E’ il bilancio provvisorio di una vasta operazione contro la pedopornografia on-line della polizia postale e delle comunicazioni di Catania, realizzata in collaborazione con la polizia tedesca. L’inchiesta, denominata ‘Strike’, è coordinata dalla Procura del capoluogo etneo.
L’inchiesta della procura catanese sulla pedopornografia, fatta con la polizia tedesca, la polizia Postale e delle Comunicazioni, il servizio centrale della Polizia delle Comunicazioni, ha portato alla denuncia di 109 persone per divulgazione e detenzione di immagini di pornografia minorile, e a 8 arresti in flagranza.
La complessa indagine, avviata nel 2010, come ha riferito la questura catanese, ha visto convergere in un’unica operazione di polizia due diverse attività di contrasto del fenomeno illecito in cui preziosa è stata la collaborazione dell’Interpol.
E’ stato individuato un sito web con sede in Germania che diffondeva immagini di pedopornografia e sono stati identificati gli utenti italiani che avevano acquisito foto di pornografia minorile da quel sito. Il sito in meno di due mesi aveva avuto oltre 44 mila accessi nella sezione nominata Teen group contenente centinaia di immagini di bambini coinvolti in atti sessuali.
Per alcuni mesi la polizia italiana e quella tedesca hanno seguito le tracce telematiche di utenti che sulla rete eDonkey2000 divulgavano video dal contenuto pedo-pornografico.
Tra le persone finite nella rete anche un pensionato di Rovato, un operaio di Rezzato e un impiegato di Brescia, denunciate a vario titolo per detenzione e divulgazione di materiale pedopornografico.

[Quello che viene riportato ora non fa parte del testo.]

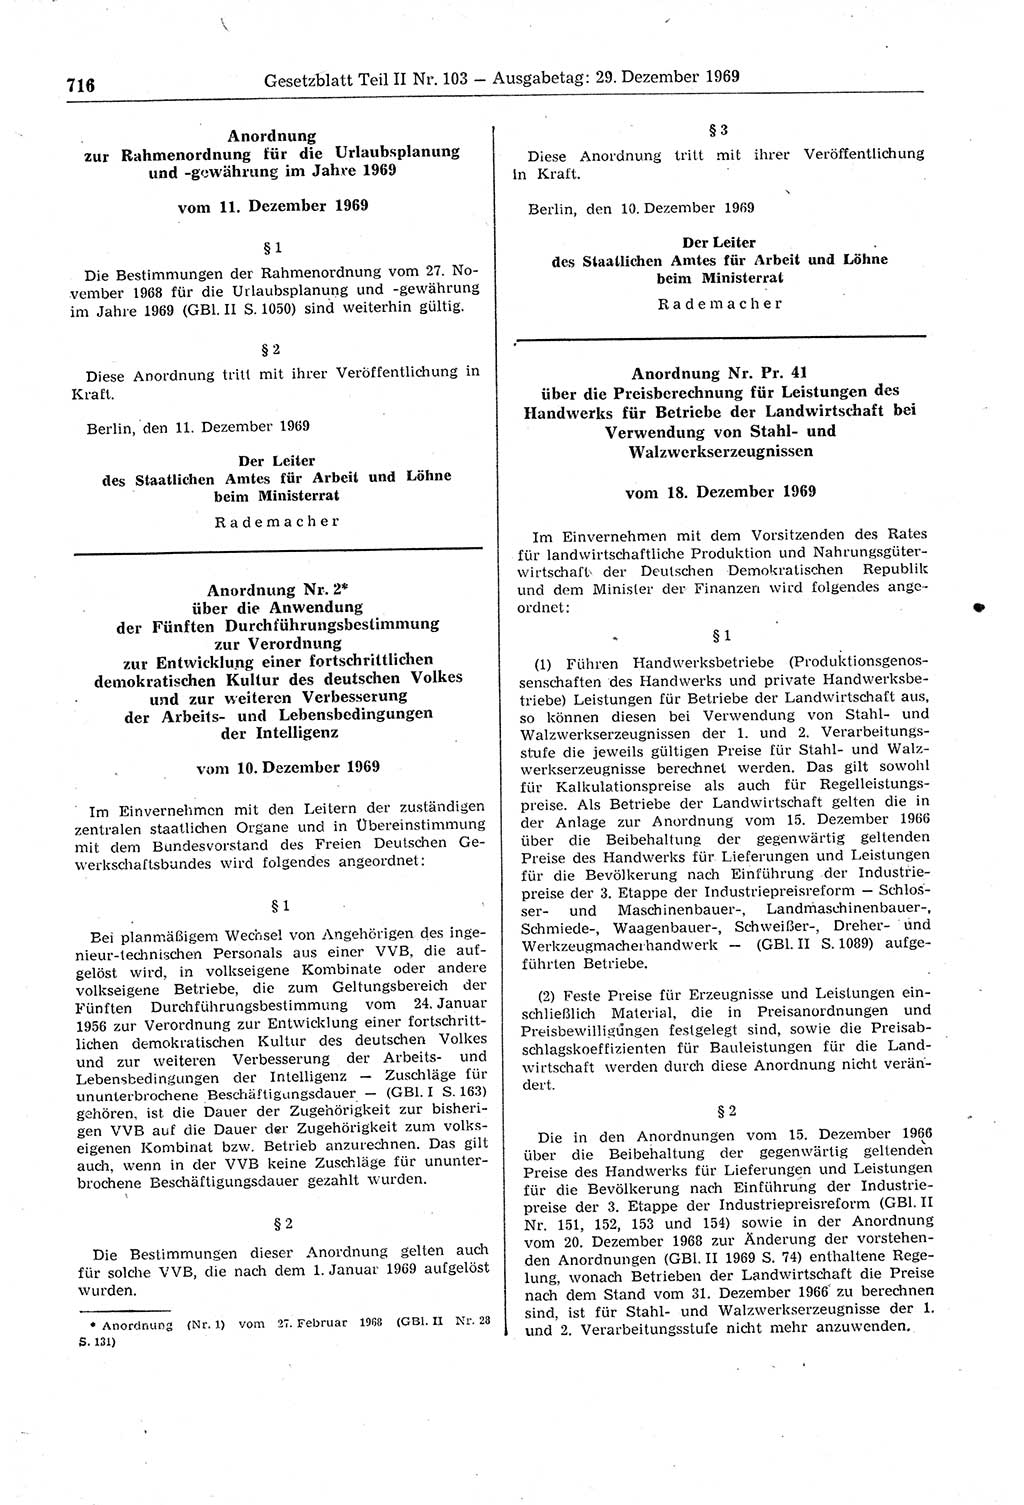 Gesetzblatt (GBl.) der Deutschen Demokratischen Republik (DDR) Teil ⅠⅠ 1969, Seite 716 (GBl. DDR ⅠⅠ 1969, S. 716)

E’ stato utilizzato un sistema già conosciuto dalla polizia
italiana che consente di monitorare le reti e individuare coloro che diffondono determinati file. Le persone arrestate risiedono a Siracusa, Napoli, Firenze (tre), Massa Carrara, Modena e Bolzano.

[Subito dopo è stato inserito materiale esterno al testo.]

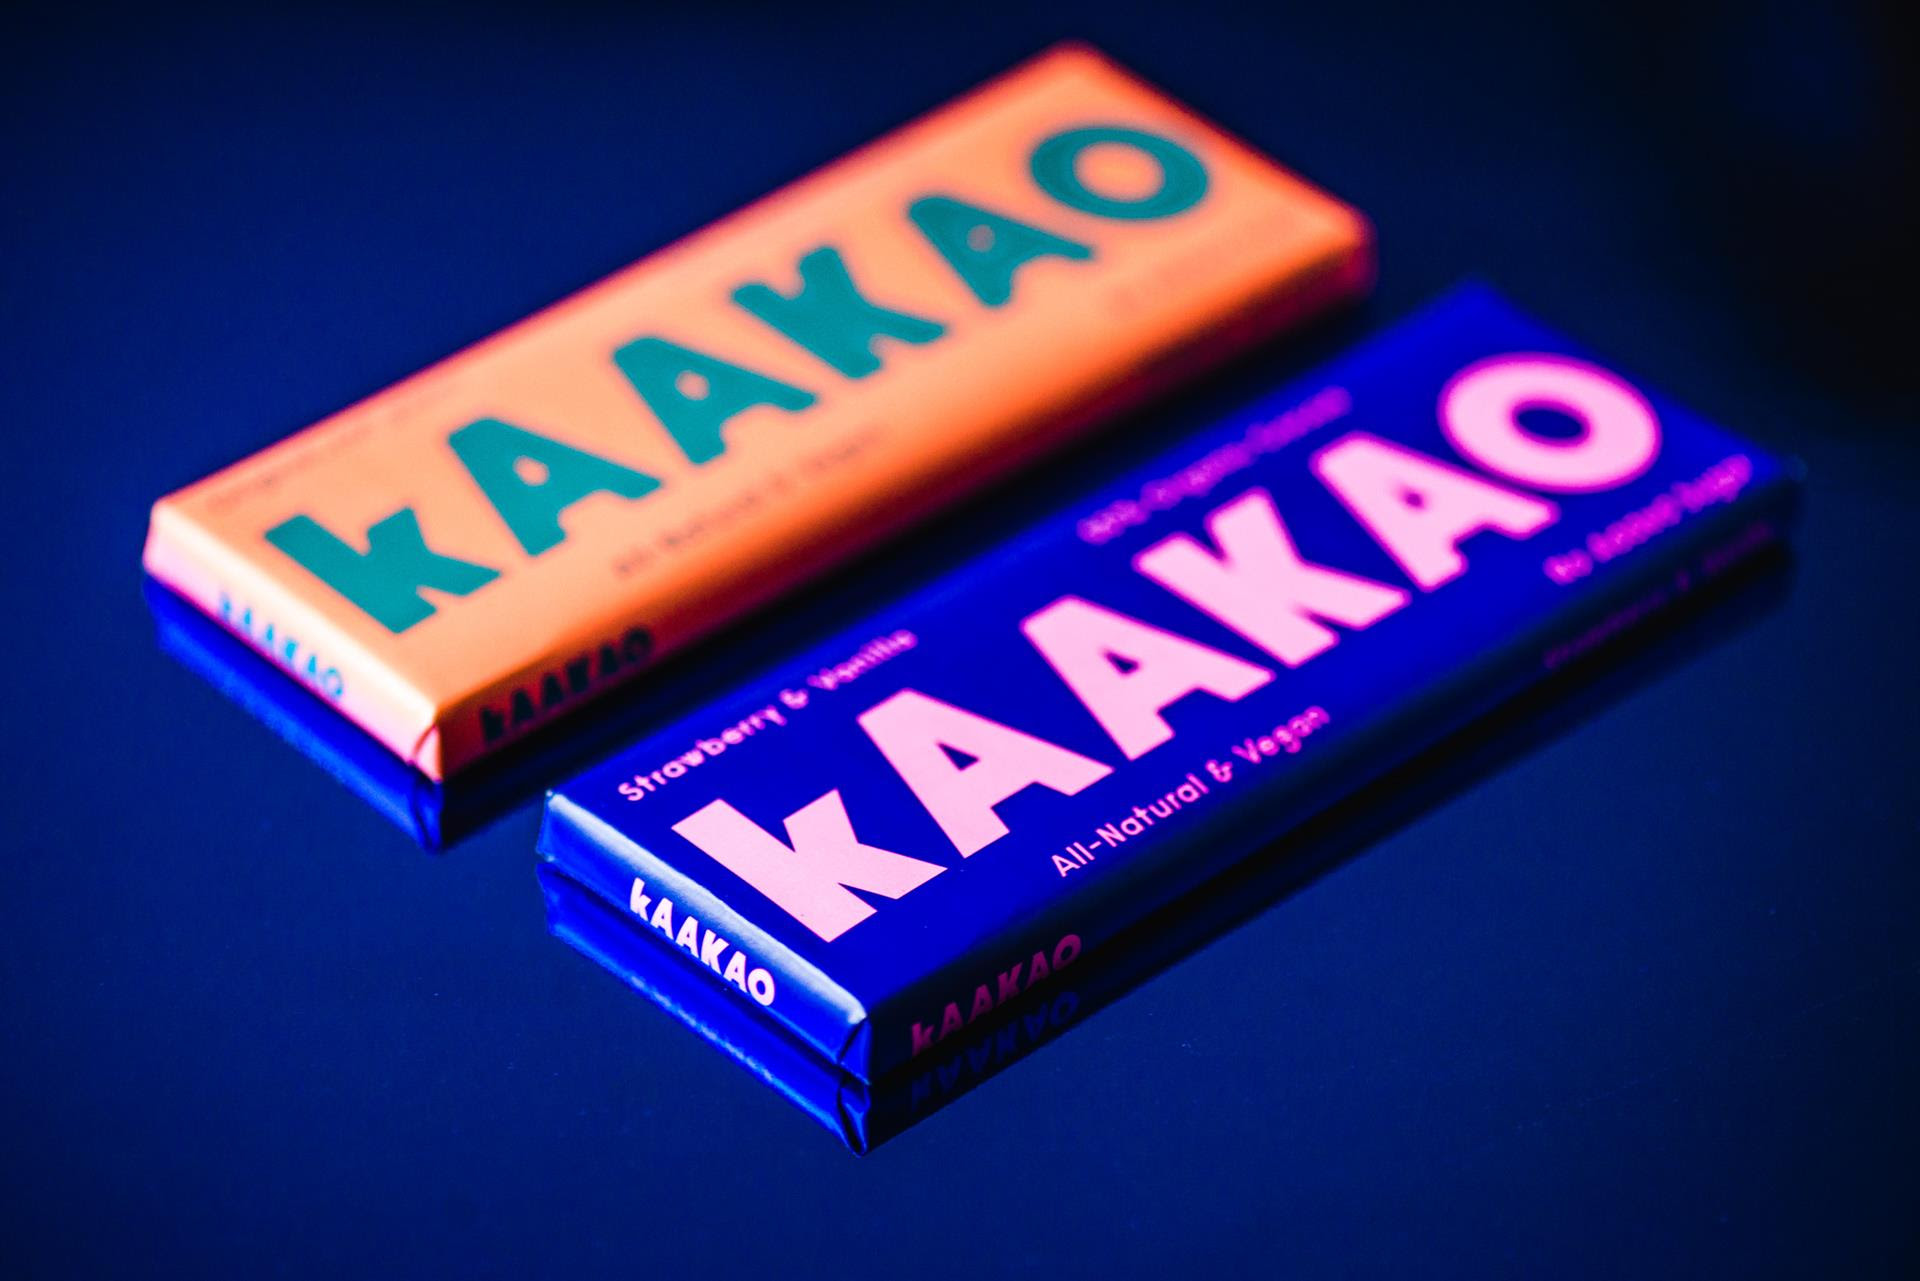 Chocolatier kAAKAO Finds EU Regulations More Bitter Than Sweet

Tutti gli arrestati, secondo quanto riferito dalla  polizia, detenevano e, in alcuni casi, divulgavano ingenti quantità di video di pornografia minorile. In particolare, l’arrestato di Napoli tra il numeroso materiale pedopornografico deteneva immagini autoprodotte raffiguranti adolescenti e minori ripresi nel bagno di casa con le parti intime scoperte, mentre ”espletavano attività fisiologiche”. Un altro degli arrestati ha tentato la fuga portandosi degli hard disk e un altro ancora deteneva oltre 436.000 file di pornografia minorile.

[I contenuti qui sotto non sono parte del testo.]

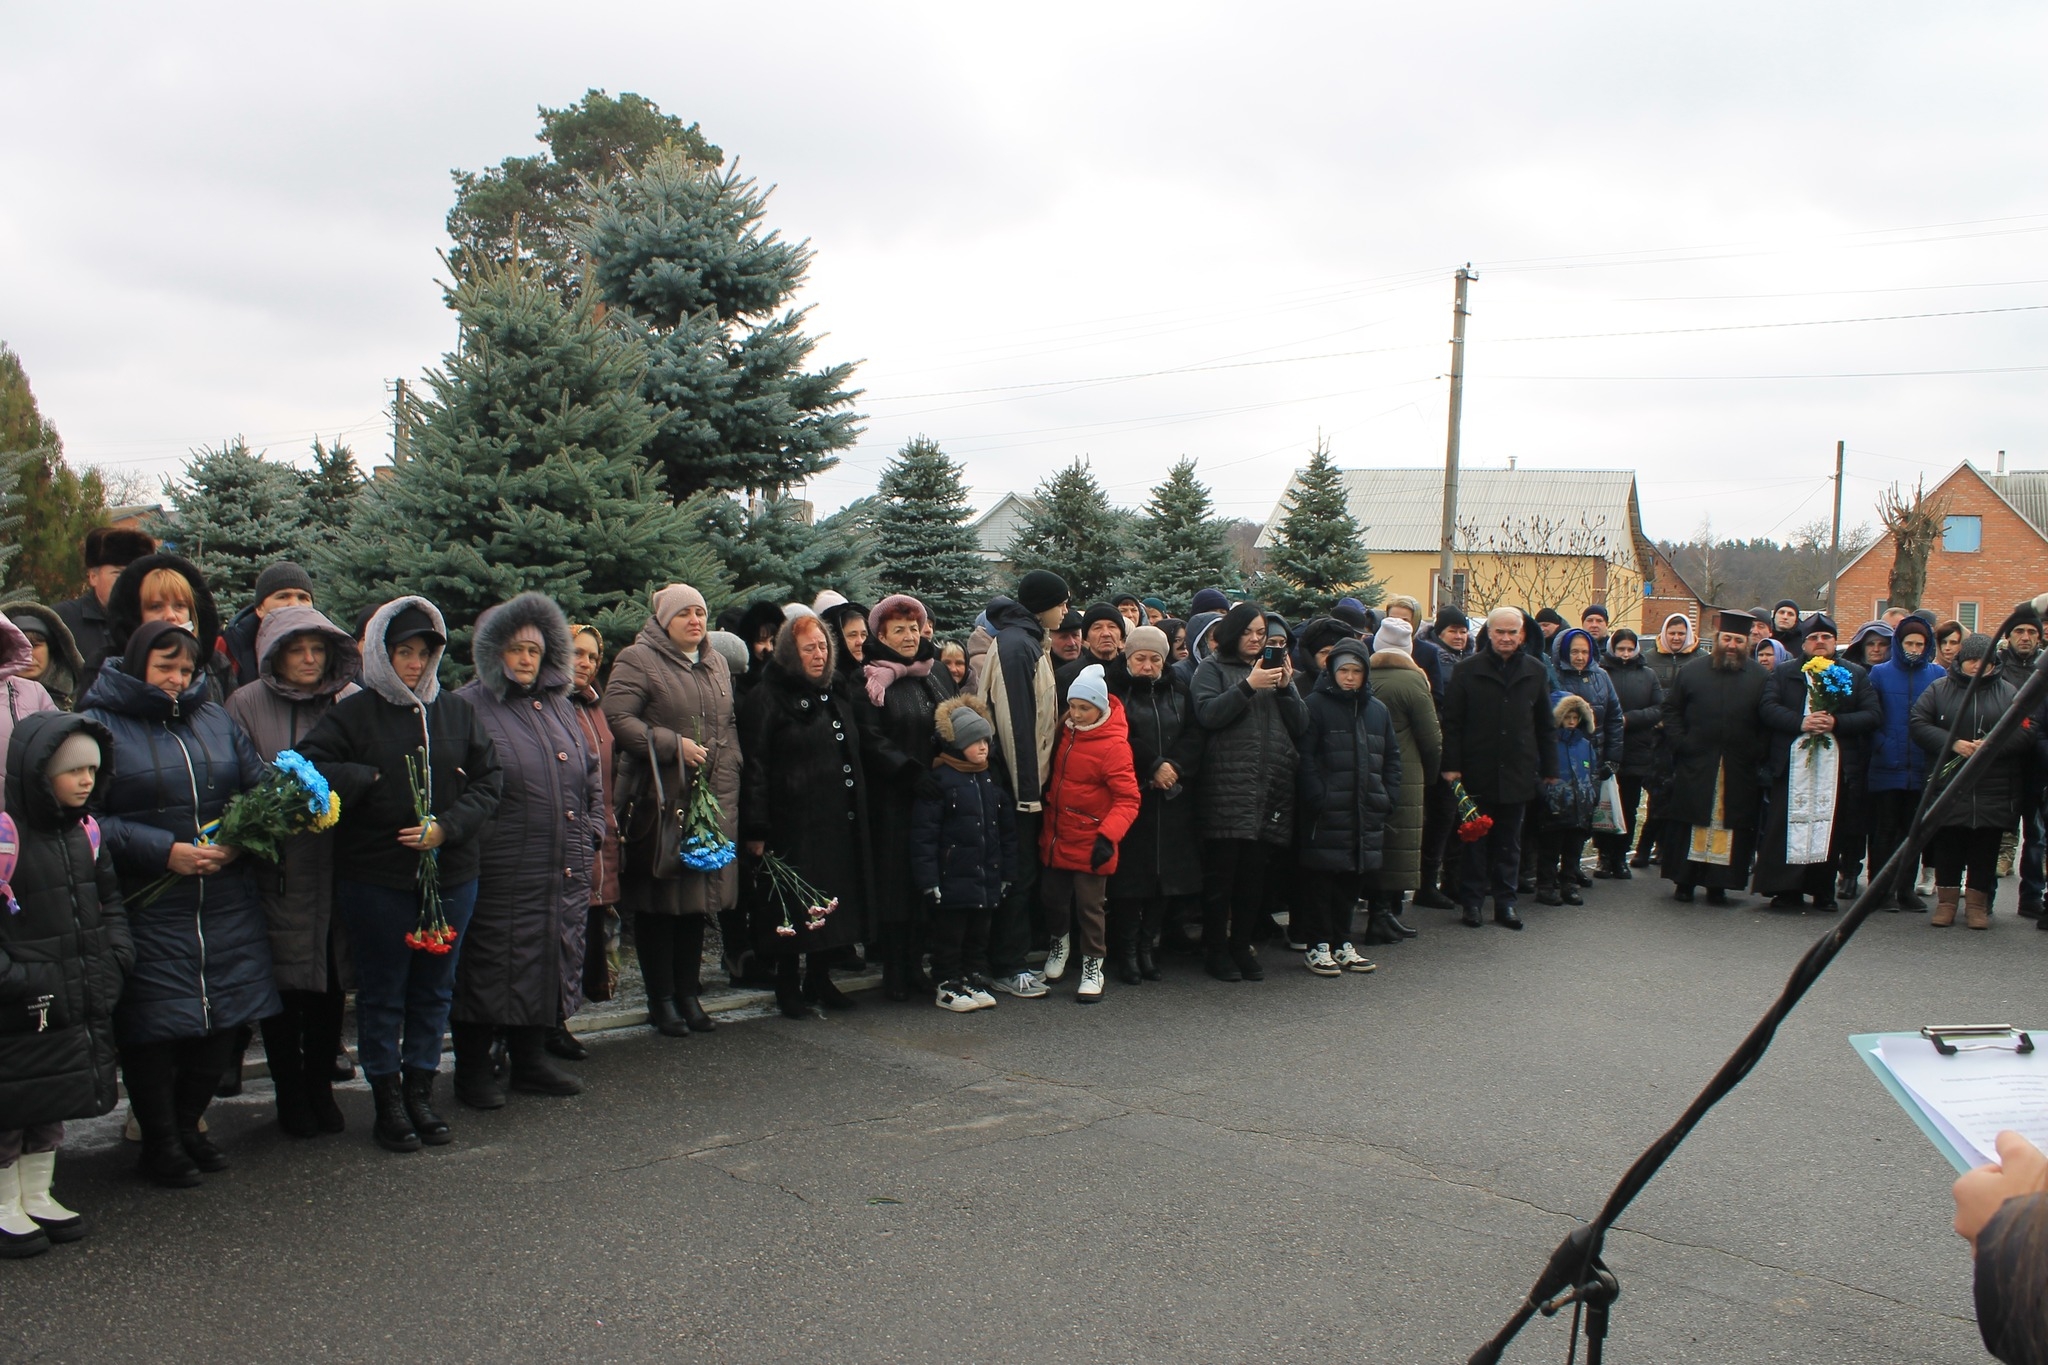 В ліцеї на Калинівщині відкрили меморіальні дошки на честь полеглих Героїв

Le province dove risiedono gli indagati sono, oltre a Brescia, Alessandria, Arezzo, Avellino, Bari, Belluno, Bolzano, Biella, Brindisi, Carbonia Iglesias, Catania, Chieti, Cosenza, Crotone, Cuneo, Ferrara, Firenze, Foggia, Grosseto, Imperia, Lecce, Livorno, Mantova, Massa Carrara, Milano, Modena, Napoli, Parma, Pavia, Pisa, Pordenone, Prato, Reggio Emilia, Roma, Siracusa, Torino, Trieste, Trapani, Treviso, Venezia, Verona, Vicenza, Viterbo.